News for the Hospitality Executive
.Agreement on Bailout Bill?
The ''Emergency Economic Stabilization Act of 2008" Will
Set Up "TARP"
for the U.S. Economy and the Hospitality Industry
By Jim Butler, Hotel Lawyer | Author of www.HotelLawBlog.com - 30 September 2008 -
The Bailout Bill may pass. Hospitality Lawyer muses what it means to the world's economy and the hospitality industry. . .
As of 7 pm, Sunday, September 28, 2008, it appears that all contingents have approved the largest financial bailout in U.S. history -- a historic $700 billion which is more than the entire budget for 2009. Here is an early take on this situation.
The ''Emergency Economic Stabilization Act of 2008" -- The $700 billion Bailout Bill
Here is the text of the bill that may be approved by Congress and the President in the next few days.

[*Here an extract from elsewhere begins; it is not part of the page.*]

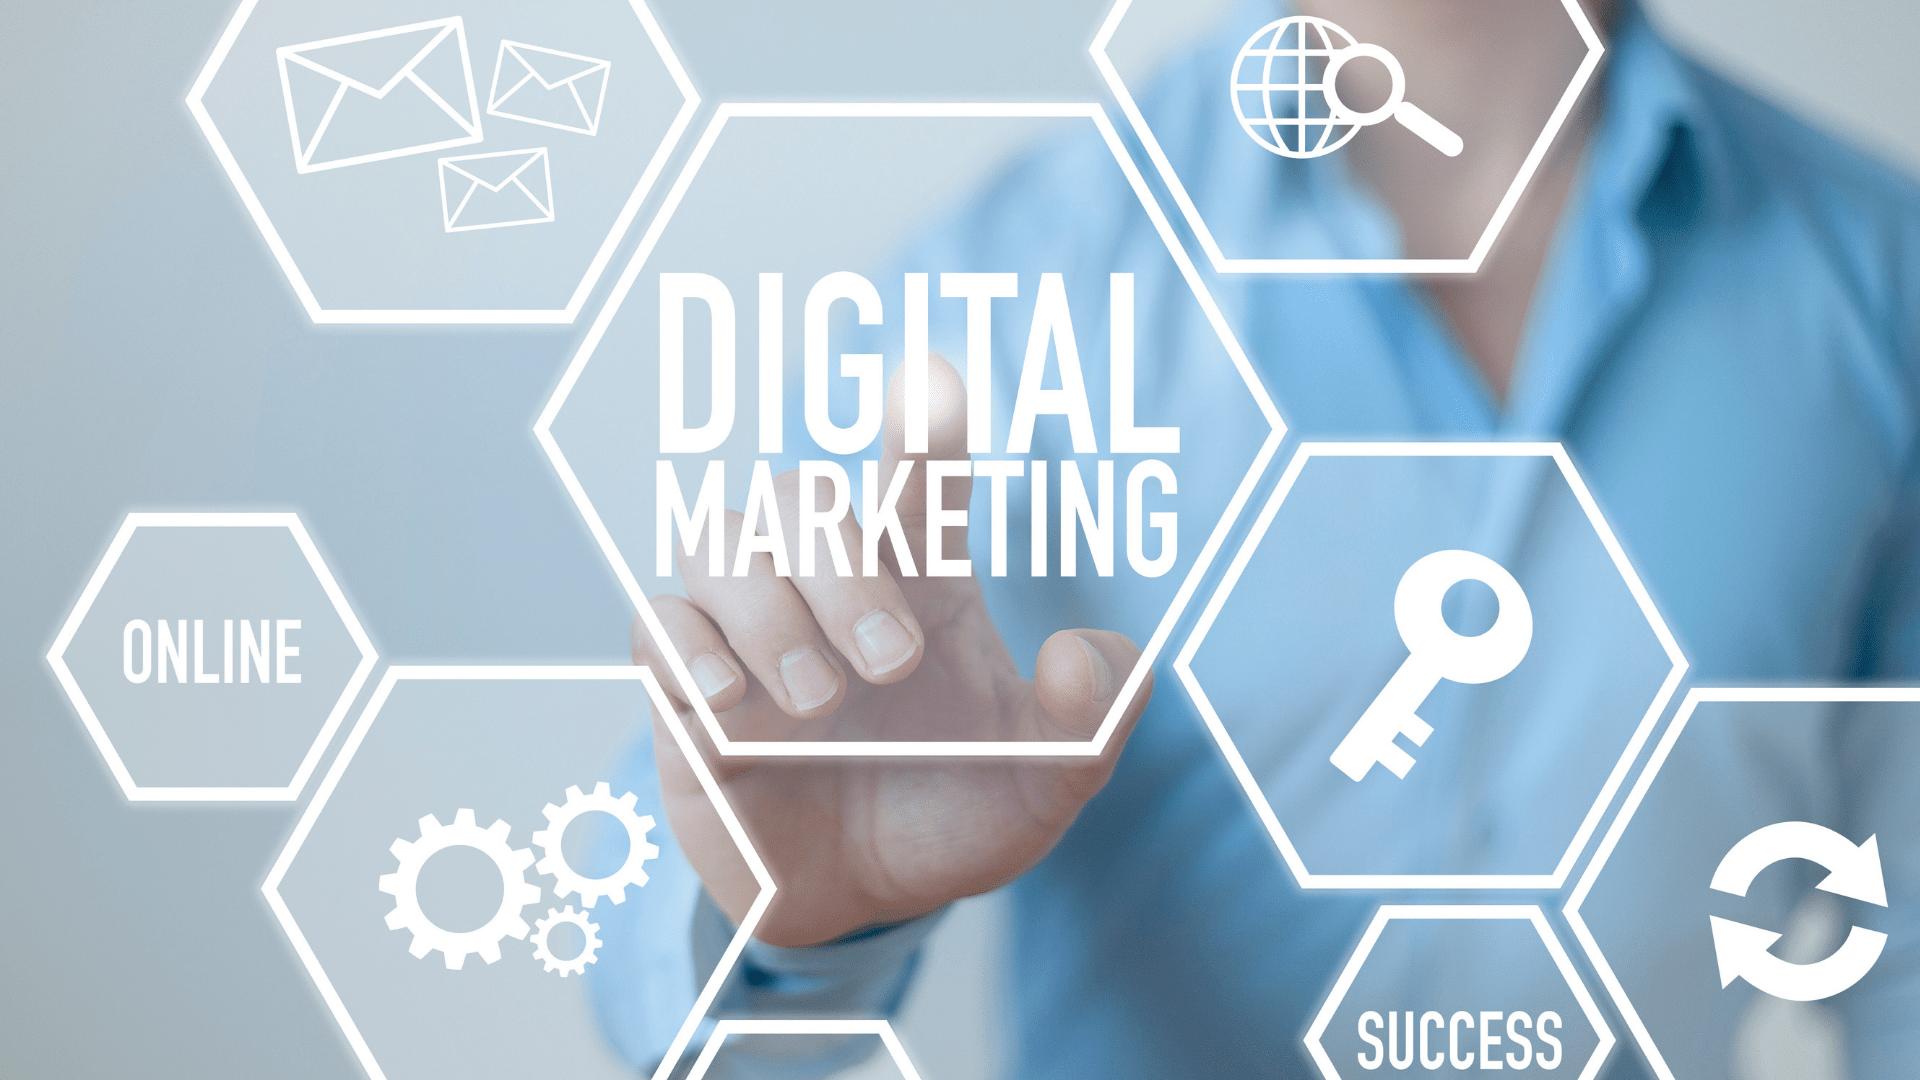 canva, marketing ,digital, marketing digital

The overview and a new alphabet soup to memorize.
The bill is called the Emergency Economic Stabilization Act of 2008. Who knows what acronym it will acquire in the coming days . . . Will it become known as the EESA or will it always be the "Bailout Bill" for the Panic of 2008?
The bill establishes a "TARP" or Troubled Asset Relief Program which is described in Section 101 of the Law. Get ready for all the bad puns about the protection of a TARP over your business or industry. The painters will be chagrined.
There is also a new "Fund" called the Assets Insurance Financing Fund (AIFF?) apparently created as the compromise with the "revolting House Republicans".
The law basically will be administered by the Treasury, which many assume will make the Treasury the predominant financial regulator in the U.S.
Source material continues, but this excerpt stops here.